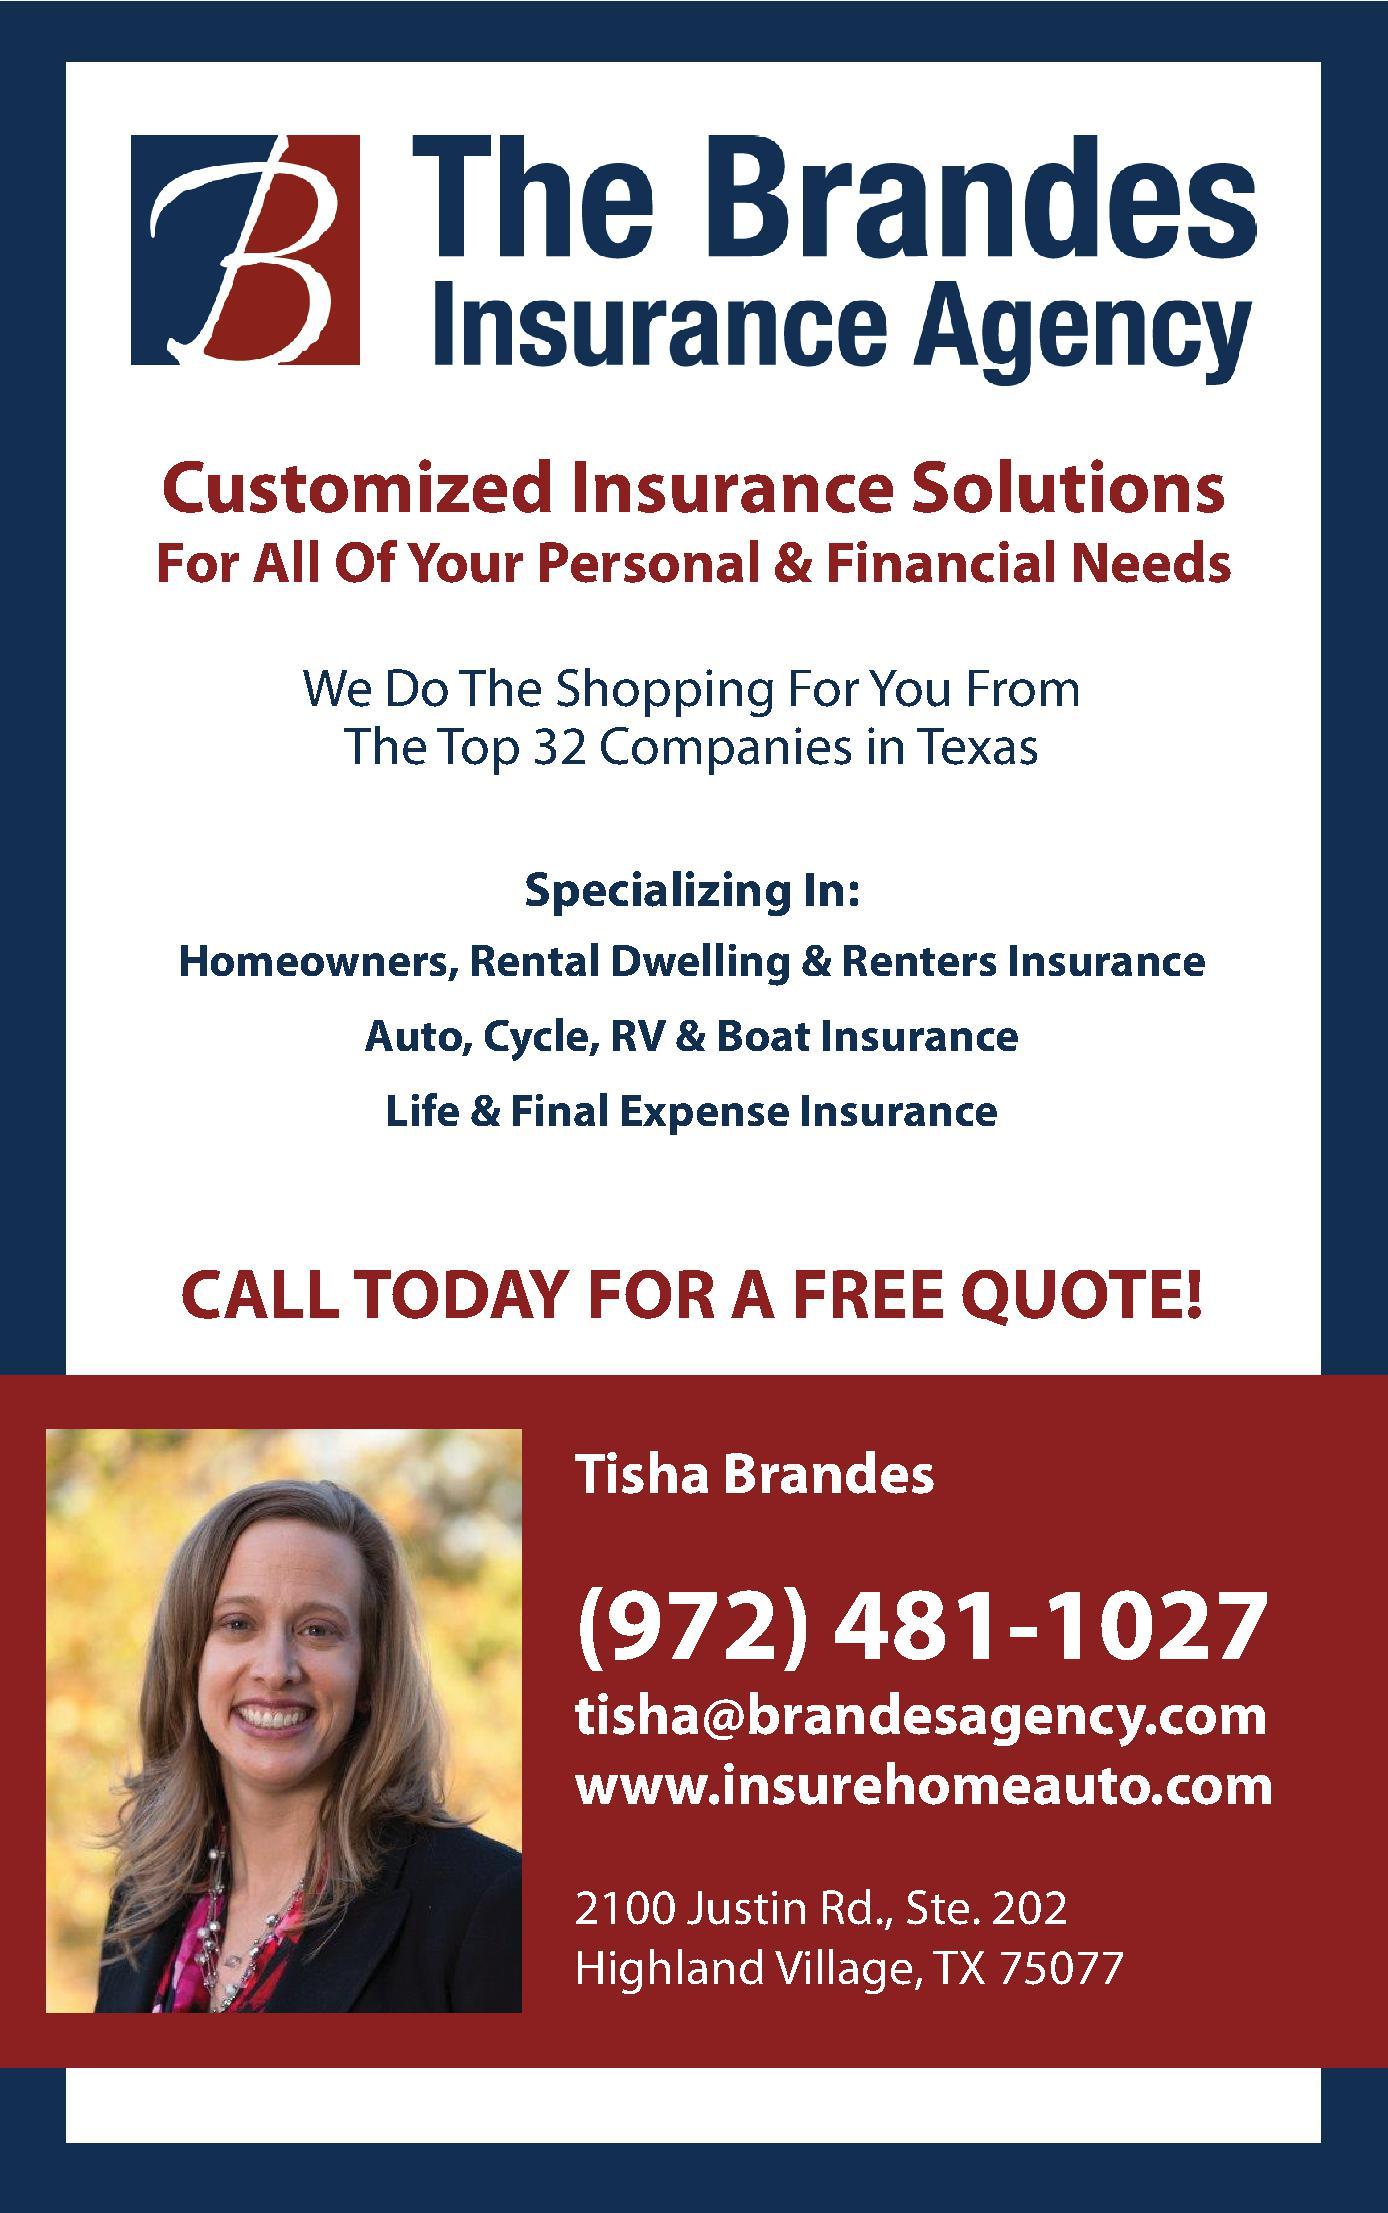 Tisha Brandes Insurance Services, LLC
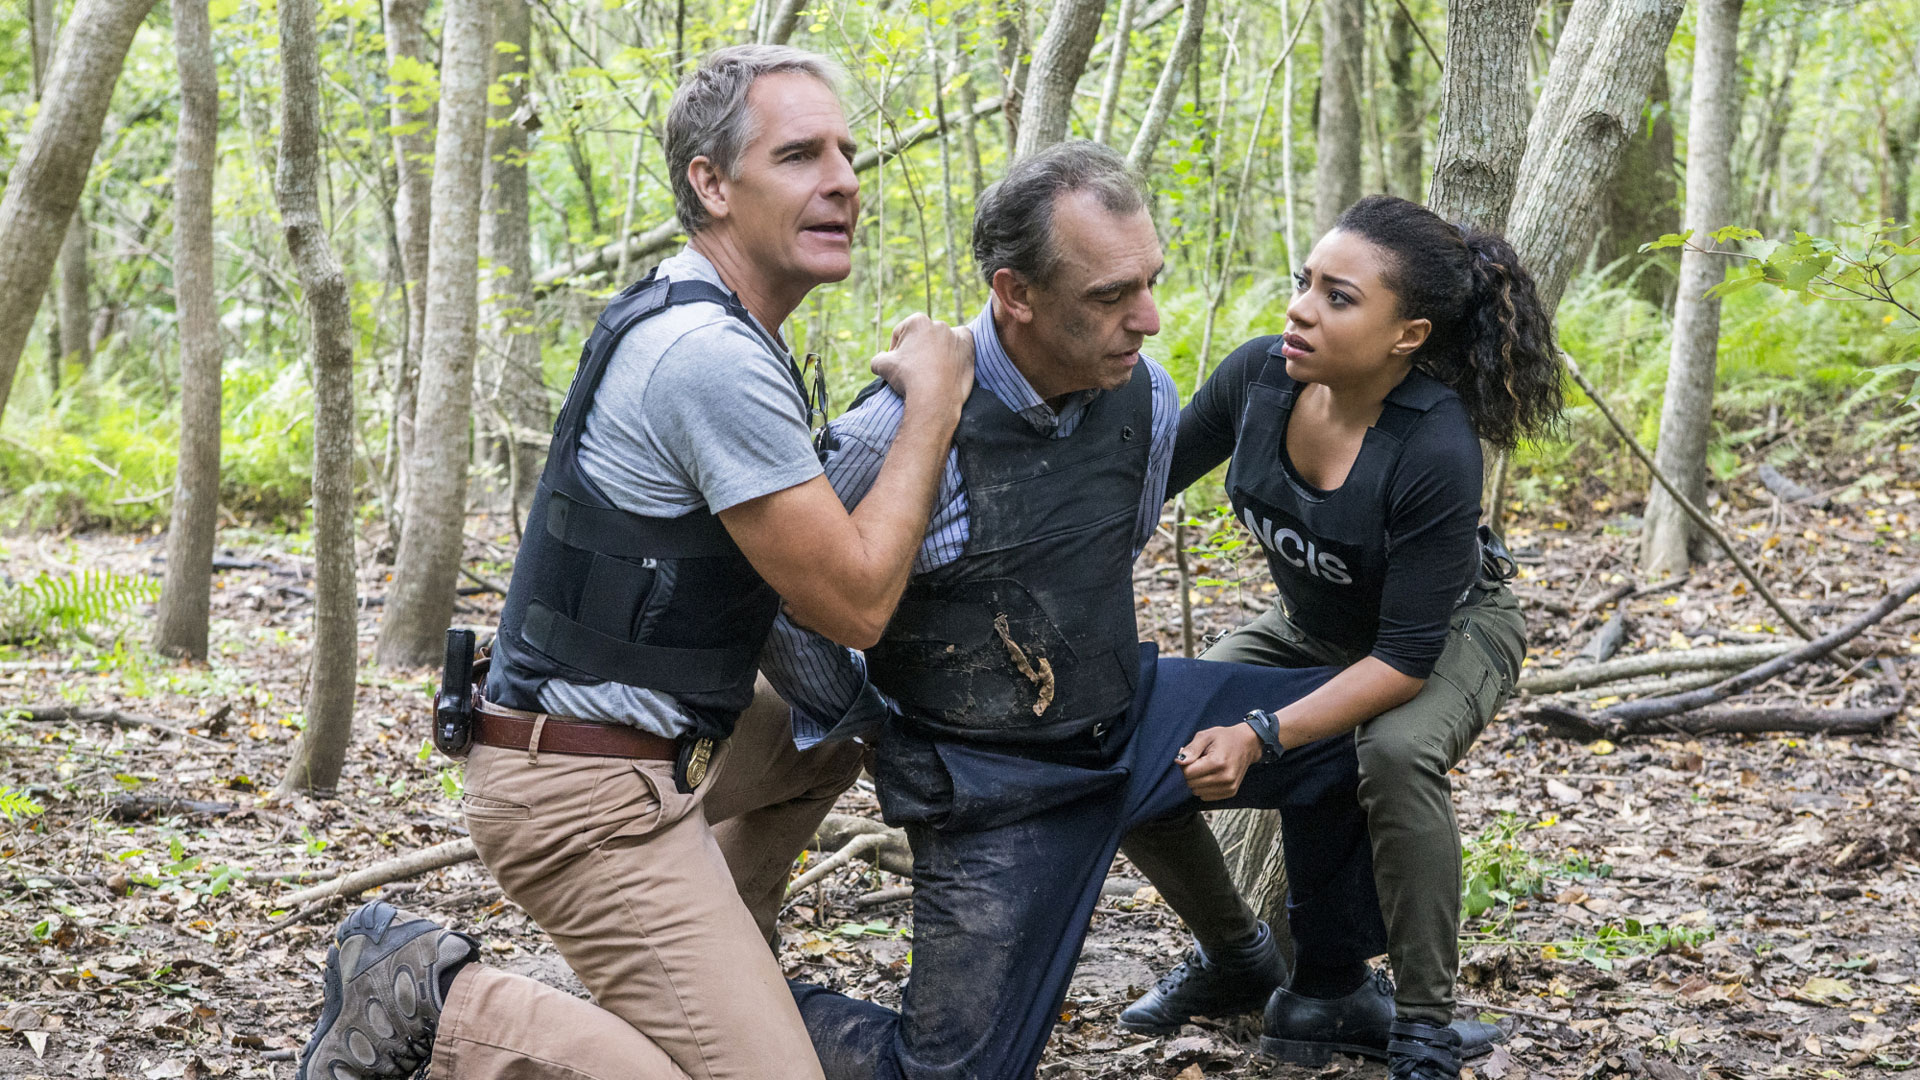 Scott Bakula as Dwayne Pride and Shalita Grant as Sonja Percy
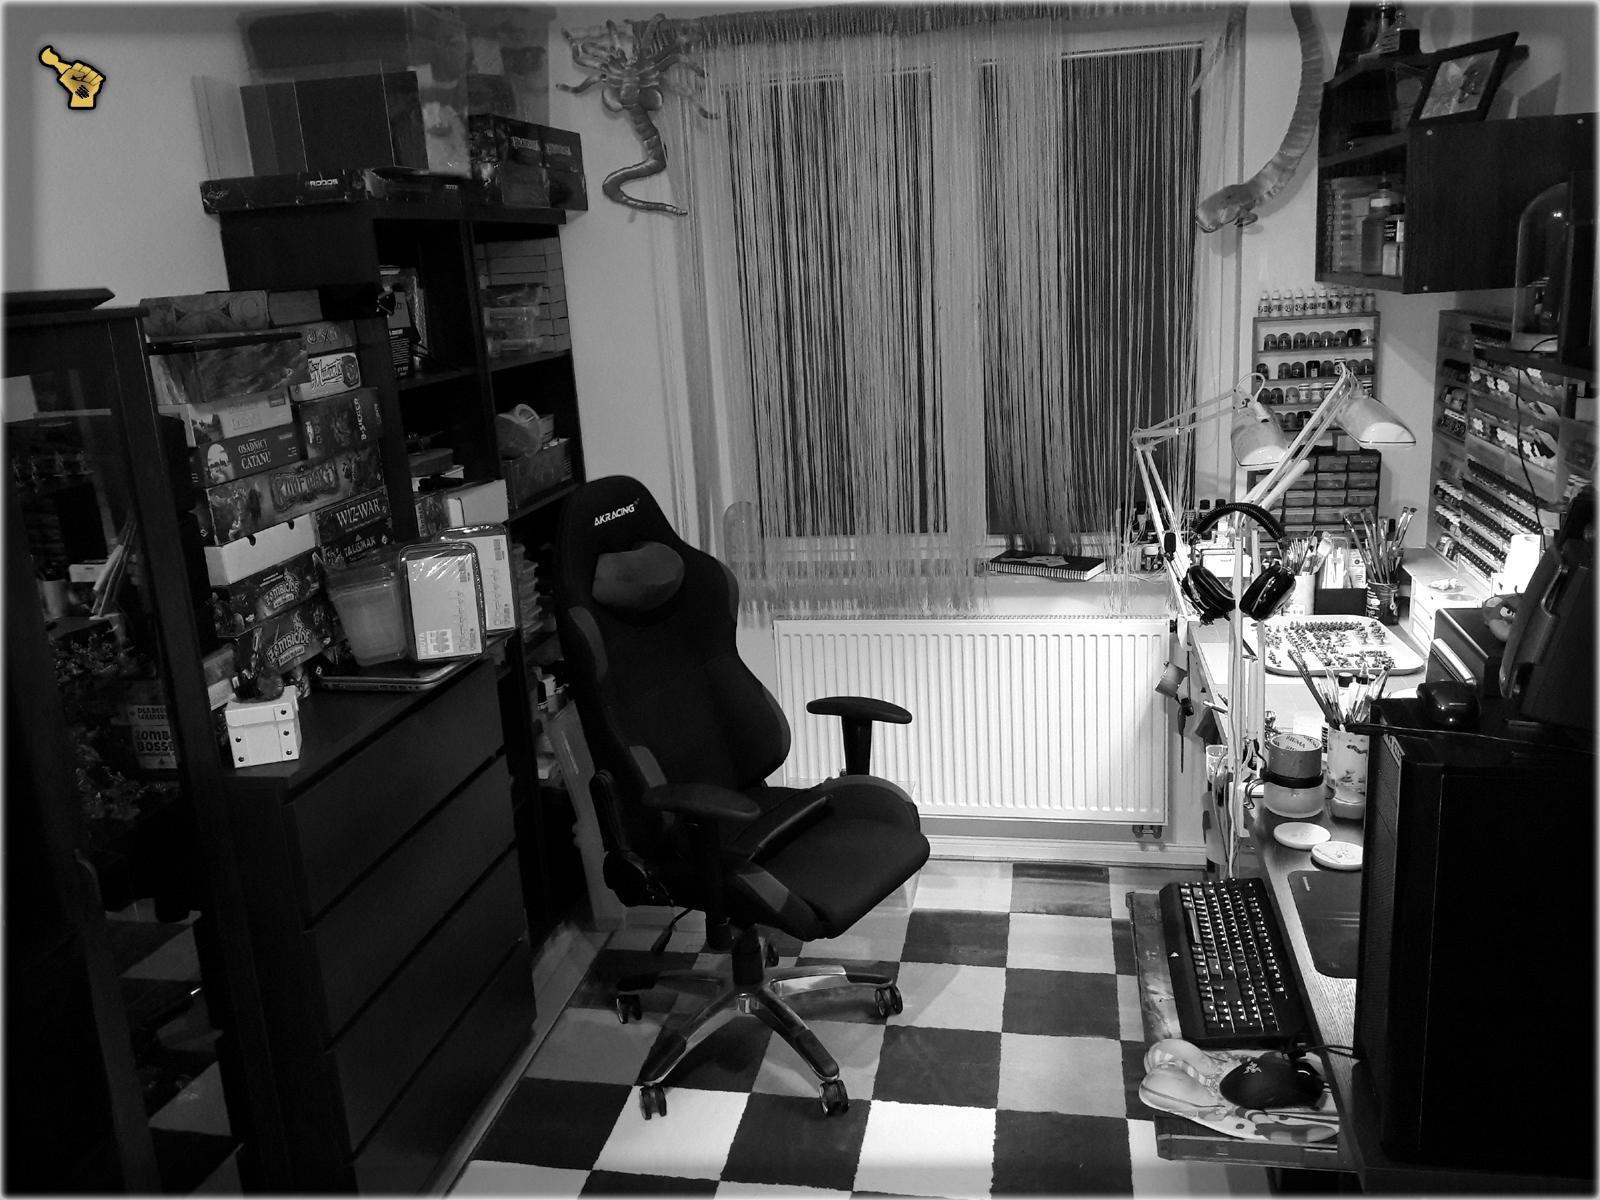 scarhandpainting-workbench-katowice-1

Your assignment: When you repeat the material above, keep every word exact and leave out the pictures.

Result of this task:
 Tisha Brandes Insurance Services, LLC
 Scott Bakula as Dwayne Pride and Shalita Grant as Sonja Percy
 scarhandpainting-workbench-katowice-1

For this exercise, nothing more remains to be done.